More than anything, Paul is committed to the free market. He’s a market fundamentalist, far more besotted with the wondrous powers of the invisible hand than any other politician in the US or Australia. That’s the basis of his libertarianism: a fantasy of individual traders happily setting up their lemonade stands without regulation or interference.
If ever implemented, Paul’s ideas would illustrate how unfettered markets foster repression more than freedom. The obvious referent is Chile, where the introduction of an extreme market experiment depended upon Pinochet imprisoning or killing those who complained about falling living standards. A US administration implementing Paul’s program would inevitably confront protests by unionists and others understandably unenthusiastic about massive federal cutbacks and the disintegration of whatever remains of the welfare state nor the bosses’ new found liberty to sack them. To carry through a pro-market revolution would thus require the full force of the US state’s repressive apparatus.
That’s all hypothetical, of course, since Paul won’t be the Republican candidate and his policies won’t be implemented.
But it has implications for his new status as the spokesman for anti-war and civil libertarian sentiment. Think about the massive struggles required to end all of the US interventions overseas and to roll back the draconian anti-terror legislation. Such campaigns simply cannot succeed without enlisting organisations like trade unions, able to wield real social clout precisely because they organise millions of people in chains of solidarity.

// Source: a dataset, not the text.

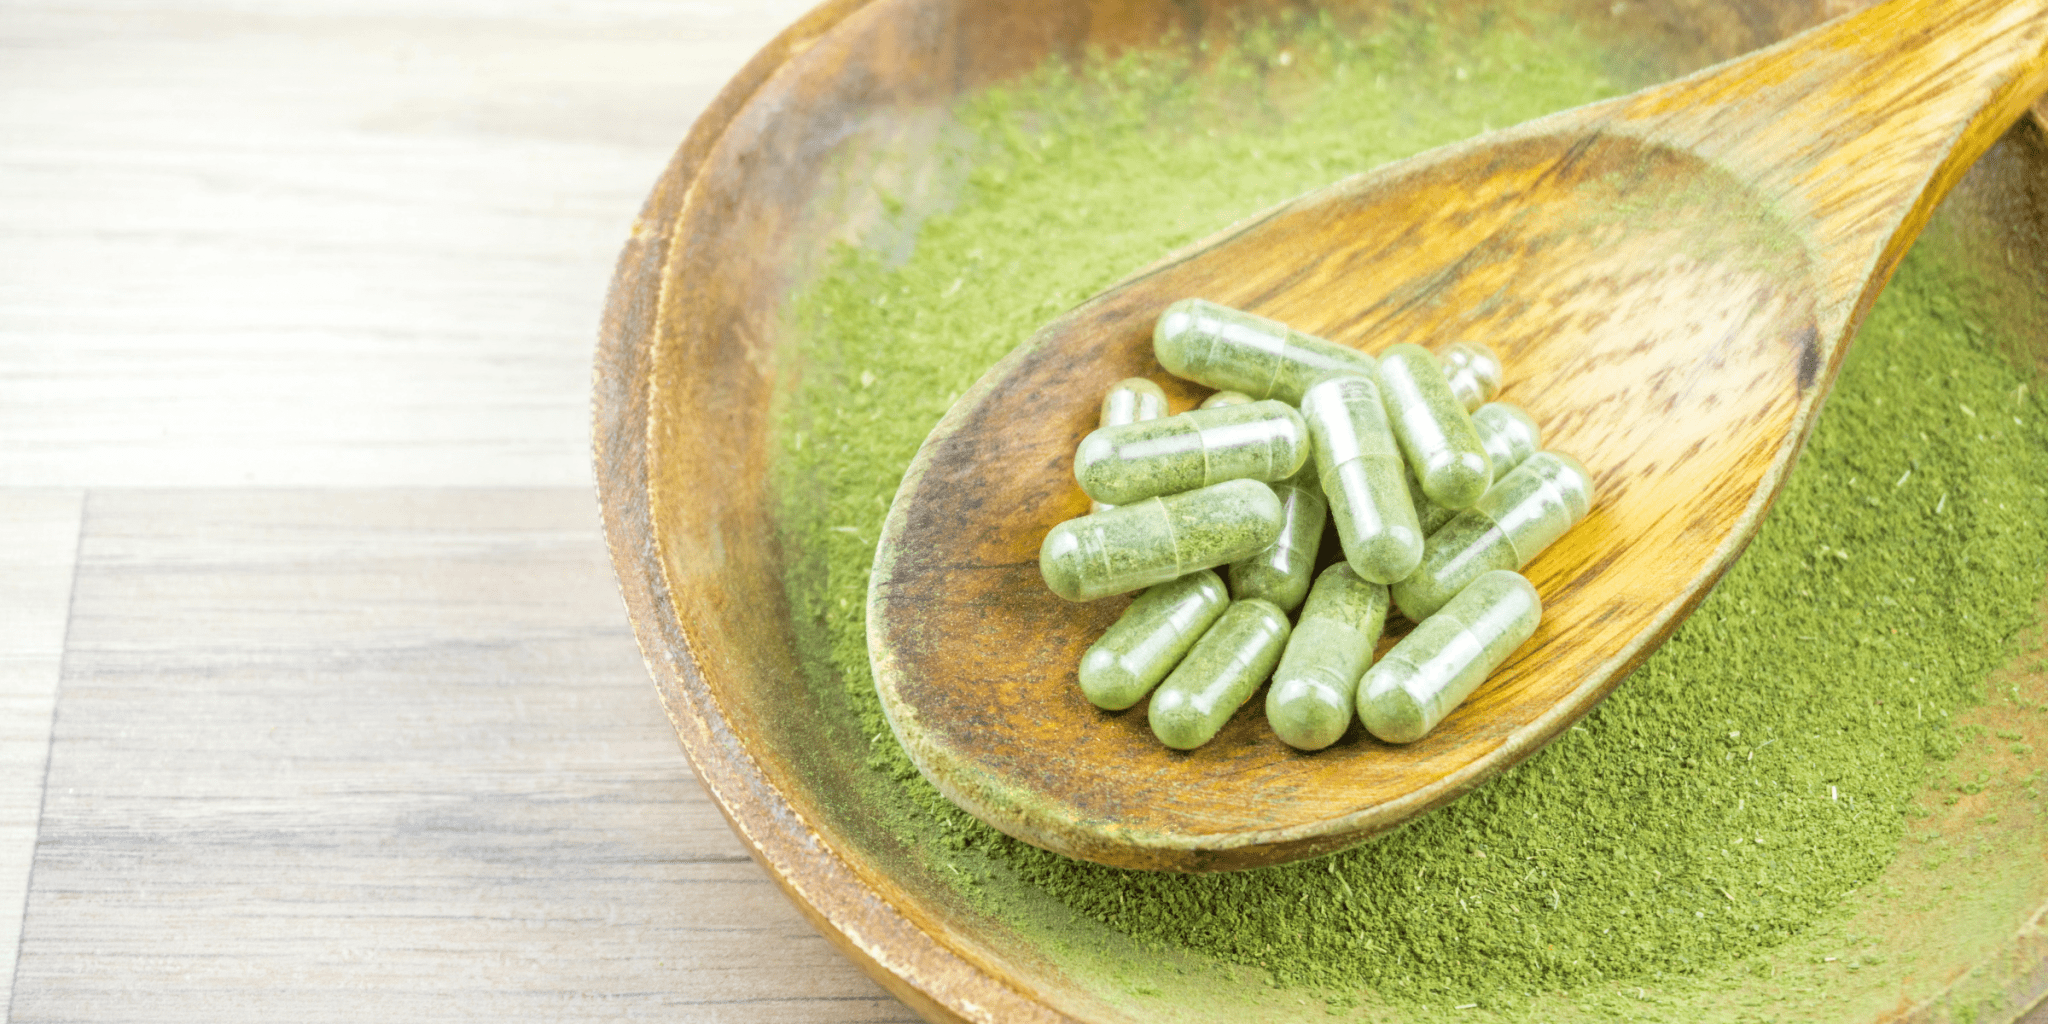 kratom pills and kratom powder can help ease addiction and withdrawal symptoms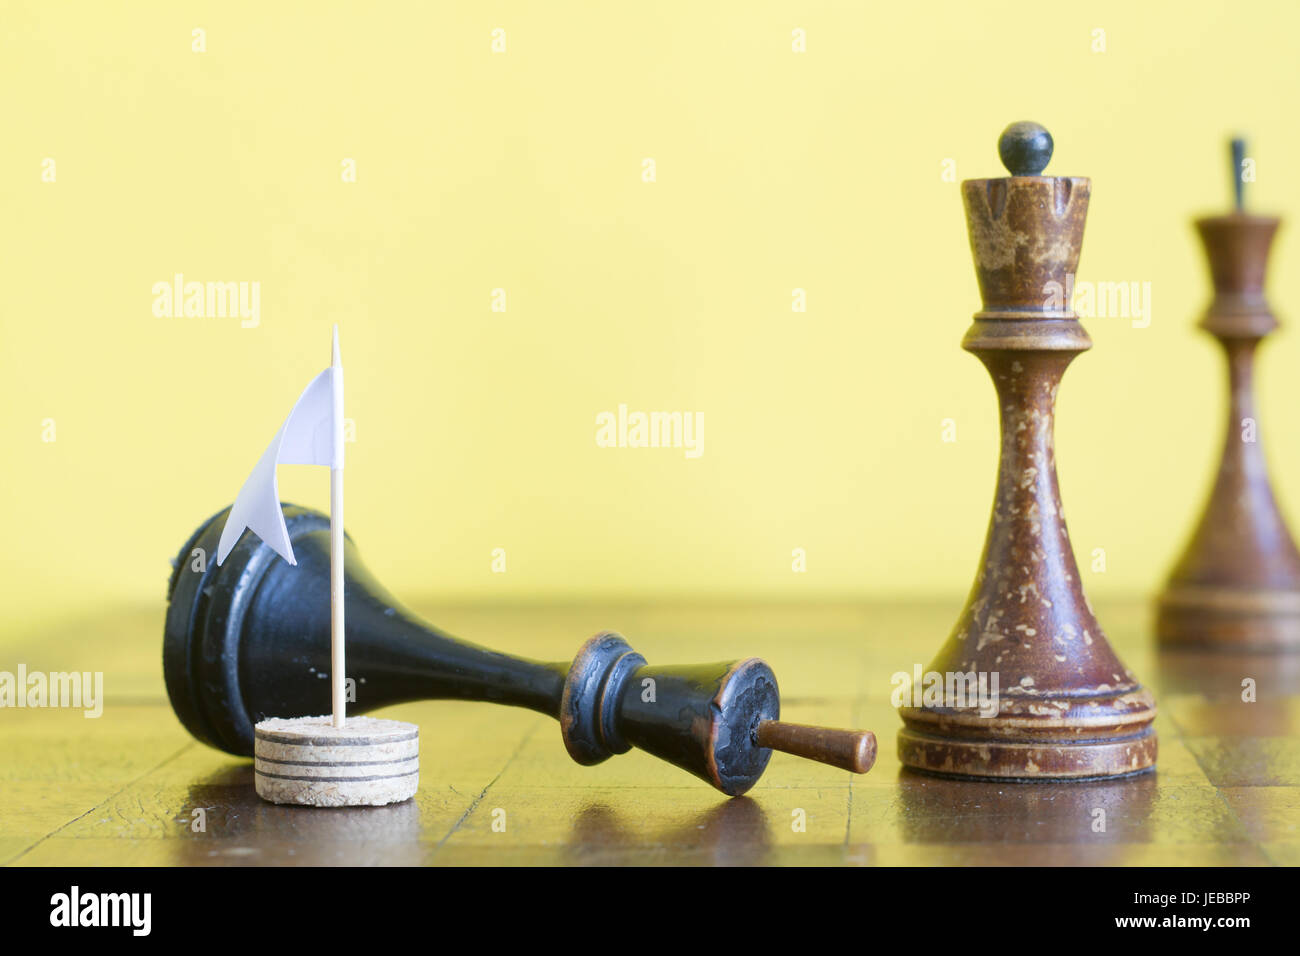 Ancient wooden chess pieces on an old chessboard Stock Photo - Alamy

Paul’s free market libertarianism is, however, fundamentally hostile to that kind of collectivism. Thus, the more that demands to end war and restore civil liberties become associated with Ron Paul and the current he represents, the less chance these campaigns have to build links with the forces they need to actually win.
Which is simply another way of saying that allowing right-wingers like Paul to present themselves as the champions of the causes traditionally associated with the left is an utterly disastrous strategy for progressives, one that will have consequences for years to come. Insofar as the left in Australia and elsewhere are flirting with Paulism, we are seeing a profound confusion about the left is and what it should be, a confusion that’s particularly dangerous in a context where, around the world, the far right is on the rise — and increasingly selling its message with anti-establishment rhetoric.
The thing is, though, most progressives who talk about Paul know all of this.
In essence, their argument comes down to one really simple point: namely, in an election between the increasingly Bushlike President Obama and whichever corporate shill the Republicans eventually select, Paul represents the best option available.
But does that sound at all familiar? Actually, it’s precisely the same argument Obama’s leftwing supporters made at the last election. Yes, they said, we know he’s not perfect — but he’s simply the best thing going.
In other words, we’re now seeing a fresh incarnation of precisely the "lesser evil" argument that got us into the mess we’re now in.
Surely it’s way past time that the left broke from the politics of self-delusion. If wishes were horses, we’d be galloping to utopia by now. As that fine American writer Flannery O’Connor once said, the truth doesn’t change according to our ability to stomach it.
There’s no progressive options available in mainstream US politics at the moment.
The task of the left there, as with the left here, is to rebuild from the bottom up, rather than fantasising about non-existent saviours. If that seems like a big task, well, all the more reason to stop fooling around with right-wing cranks and to get on with the real work.